David Ellerman's principle of imputation is designed to overcome this deficit, but that is beside the point. (His ethical precept is too narrow to legitimize anything other than workplace democracy. It allows for the perpetuation of private property, markets, and tiresome protestations against taxation.)
In addition to Ellerman, there are a number of philosophers (e.g., Michael Otsuka) who have sought to exorcise some of the inegalitarian consequences of Lockean self-ownership by conjoining it with the principle of common ownership of the world. I was briefly convinced that this enterprise might prove worthwhile, but concluded that it's riddled with far too many internal inconsistencies and accepts premises which I simply find objectionable.
It is perhaps intellectually stimulating to devise sophisticated arguments against basic propertarian tenets and the rejoinders which ensue, but I ask why we should accept self-ownership in the first place? It does not strike me as intuitively plausible at all that we are born with ownership of ourselves. It is not self-evident to me that a large group of people (i.e., society) has no right to impose certain rules, codes of conduct, and burdens upon individuals, thereby restricting their negative liberty—especially considering that individuals are, in large part, the products of their social environment.

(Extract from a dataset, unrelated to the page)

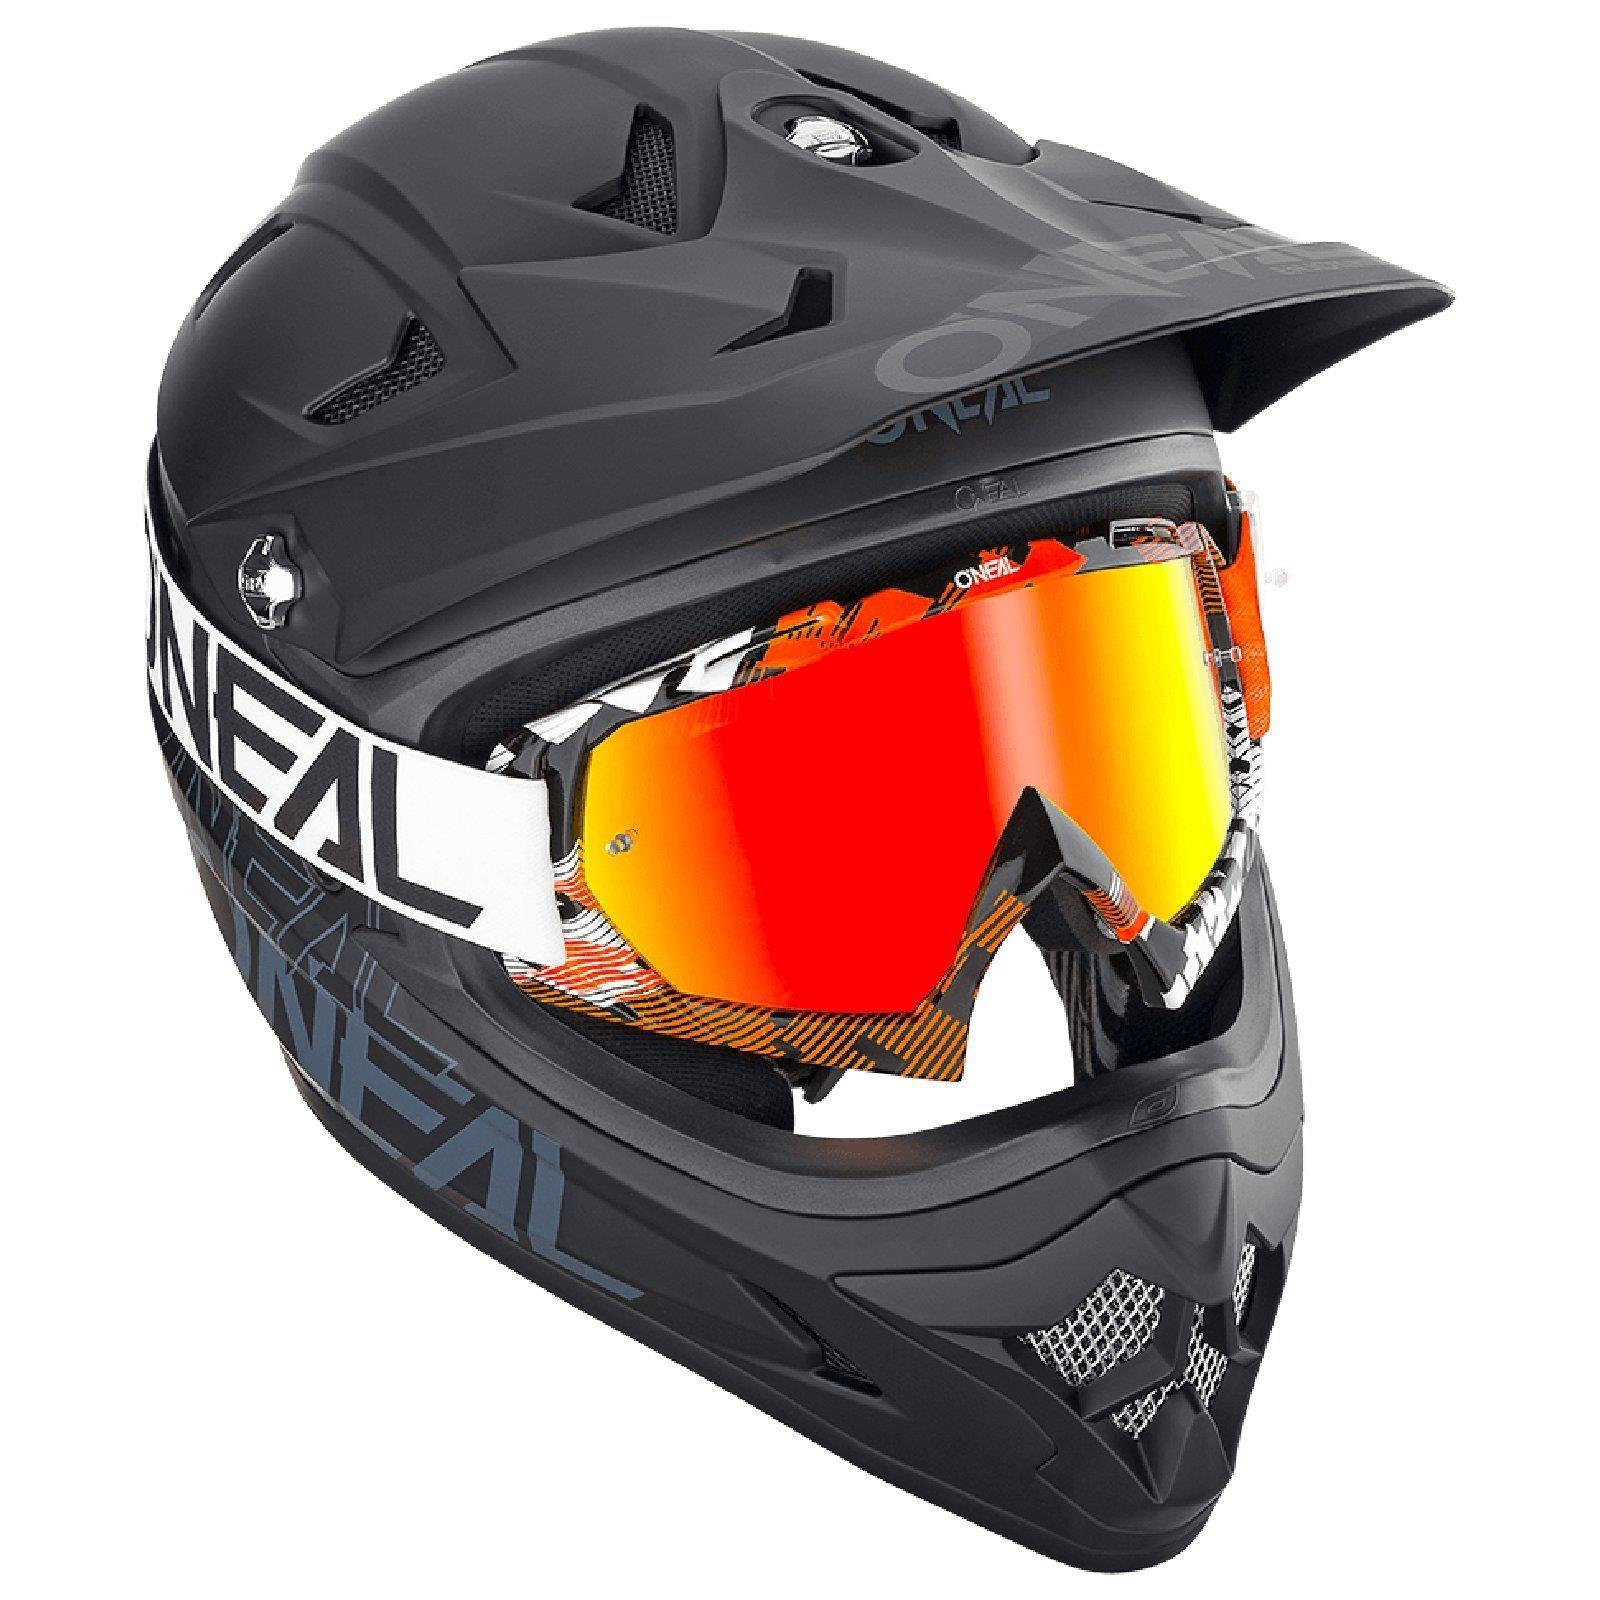 miniatuur 11 - O'Neal B-10 Goggle Pixel Radium Moto Cross Brille Downhill AntiFog Mountainbike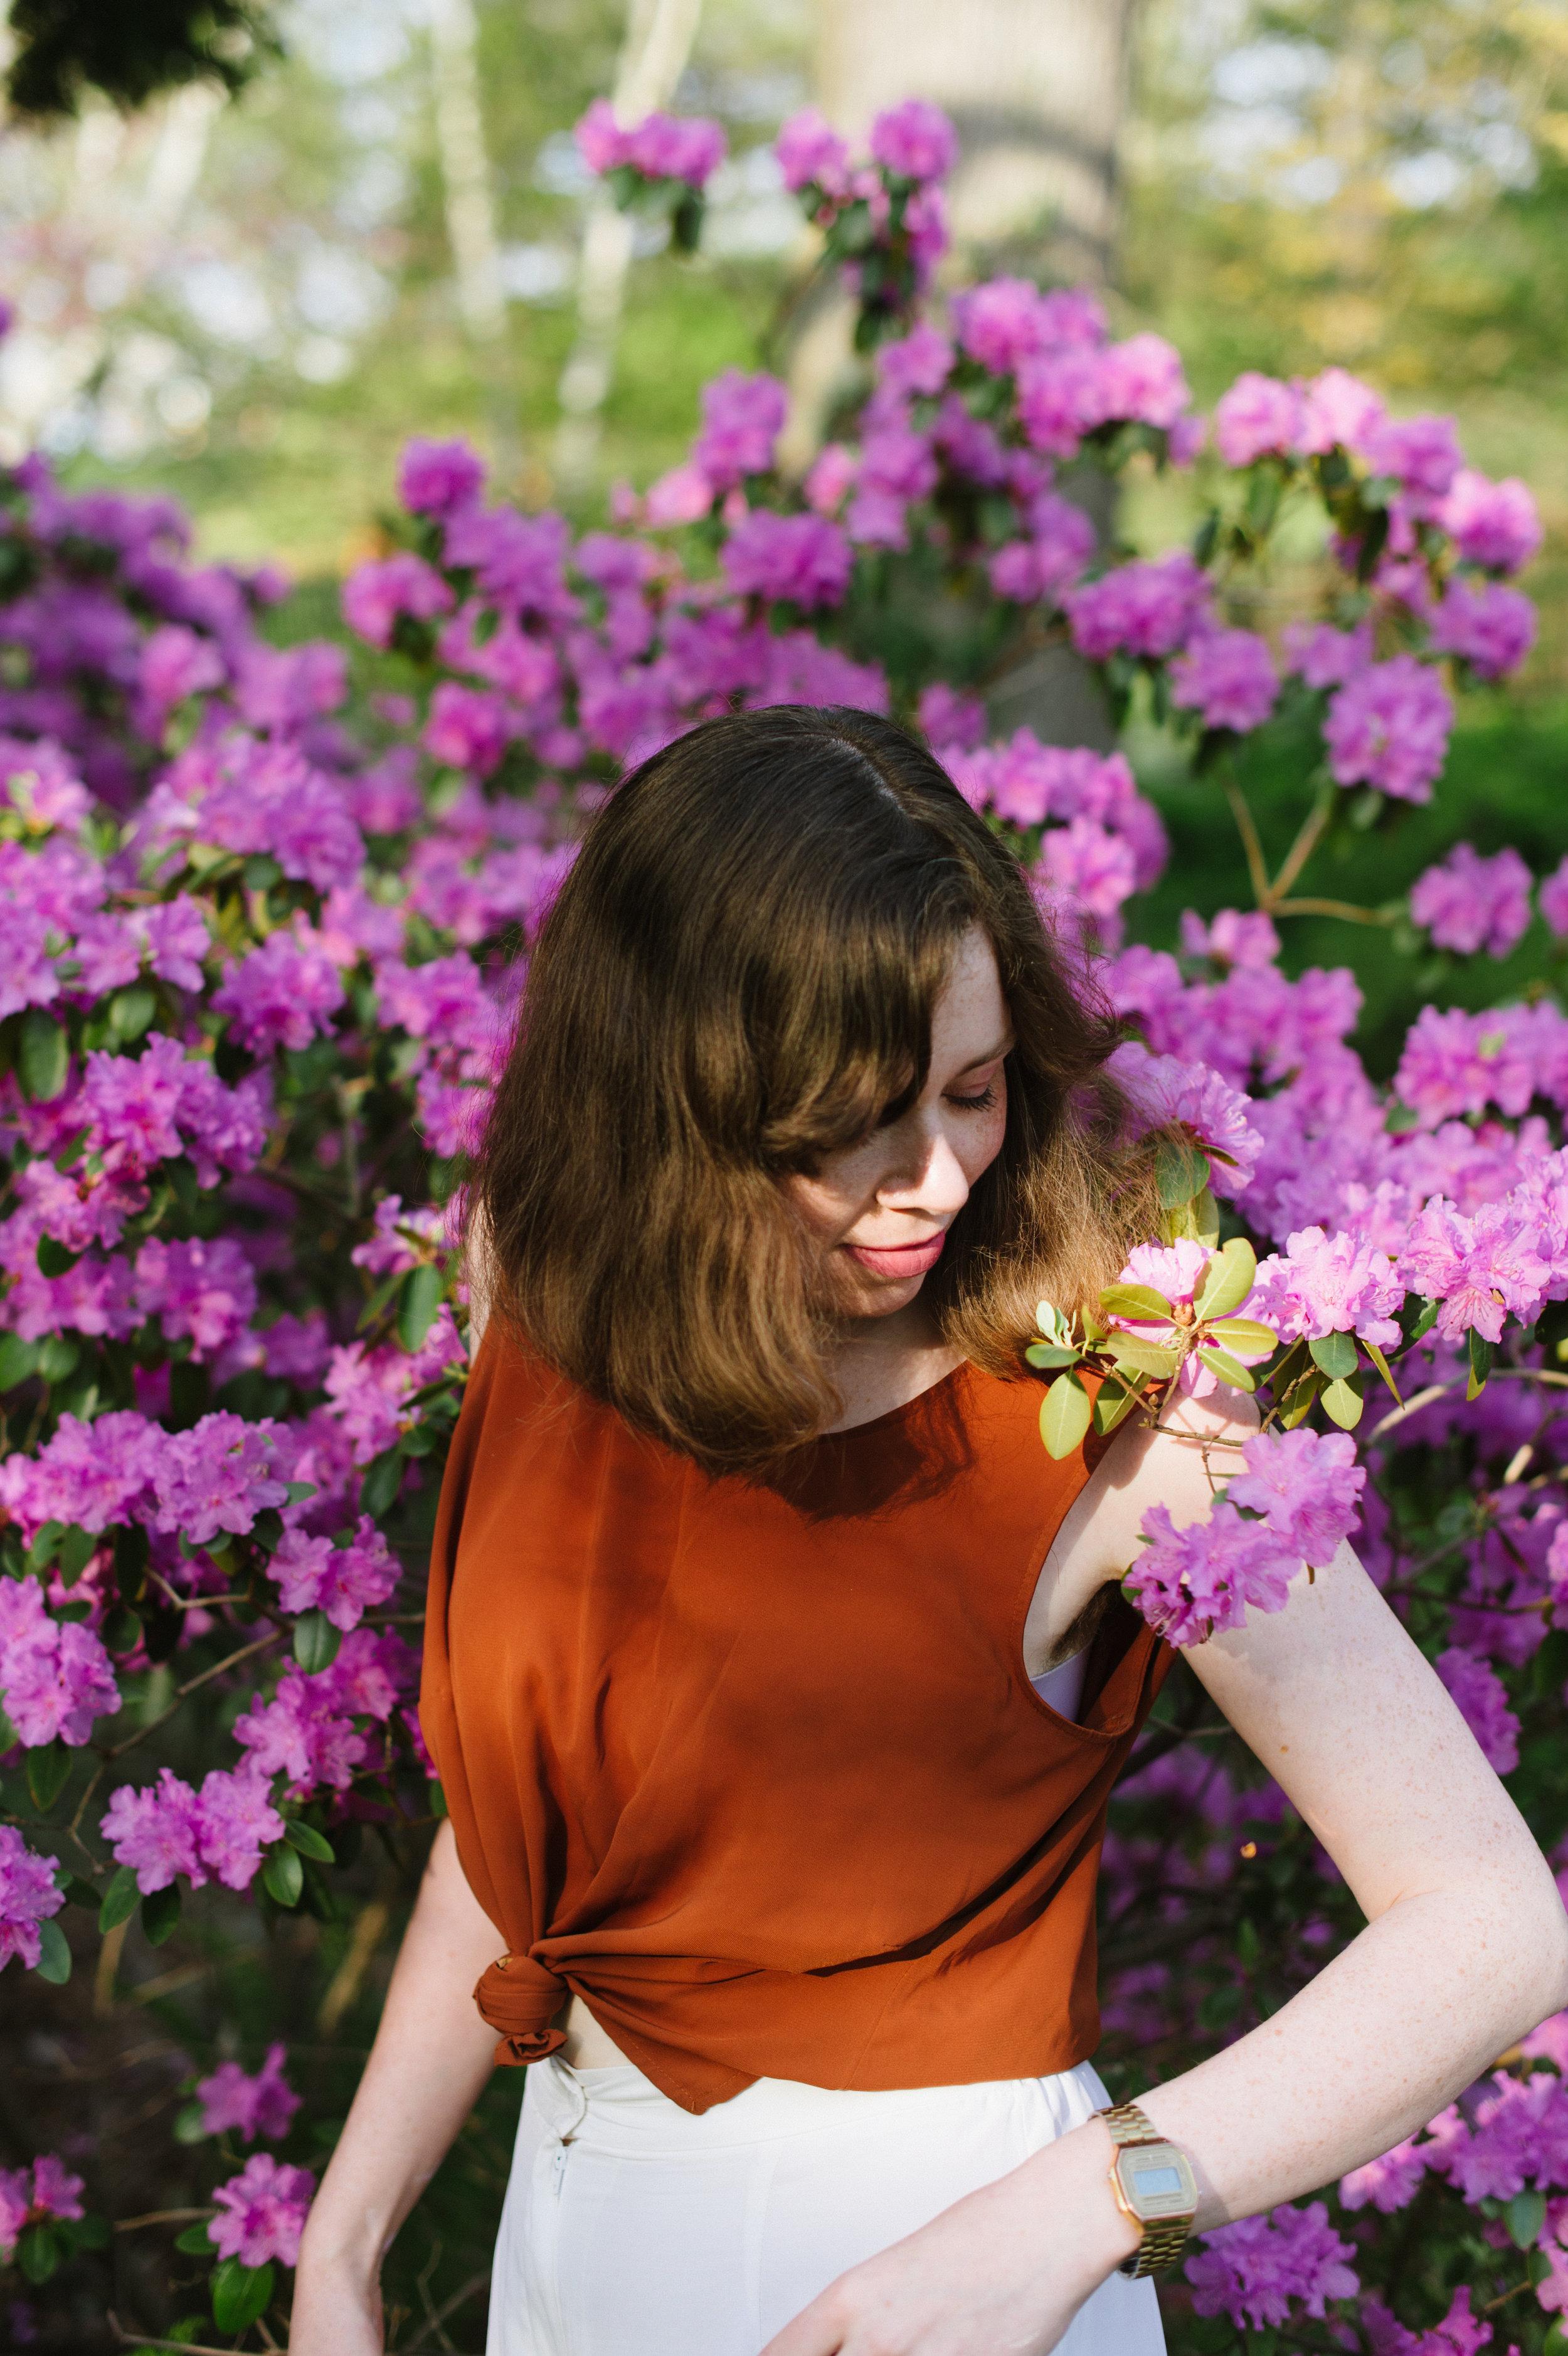 Celine-kim-photography-toronto-portrait-photographer-louise-reimer-2.jpg

Your last line is especially crucial to this discussion because the self-ownership thesis presupposes a unified subject. The reality, however, is that every organism is in a state of simultaneously being and becoming. This dialectical fact of biology obtains even more so for higher-order, social species like human beings. The self, absent its social context, is alienated and incomplete. Hence it's ludicrous to ascribe complete ownership over oneself when who we are is constantly in flux and profoundly influenced by the environment we're situated in. Moreover, it isn't even self-evident that our genetic endowment should be regarded as our personal property, as most of our ancestors were only capable of surviving long enough to procreate because of the cooperative social relations they entered into with their contemporaries. Surely taking that into consideration should alter the manner by which we view our obligations to one another.
It seems to me that an enlightened society would not concern itself with unearthing and sanctifying eternal "truths" but would instead focus upon rationally evaluating and meeting the needs and desires of freely associated individuals.
I agree, but I believe that political philosophy is a worthy endeavor nonetheless. Vision is a critically important part of revolutionary activism, and political philosophy can assist us in conceiving of the values we should uphold and goals we should pursue. Material forces will ultimately determine when the social revolution occurs, but an attractive vision is a requisite element for overcoming the proletariat's narrow time-horizon and amassing popular support for socialism.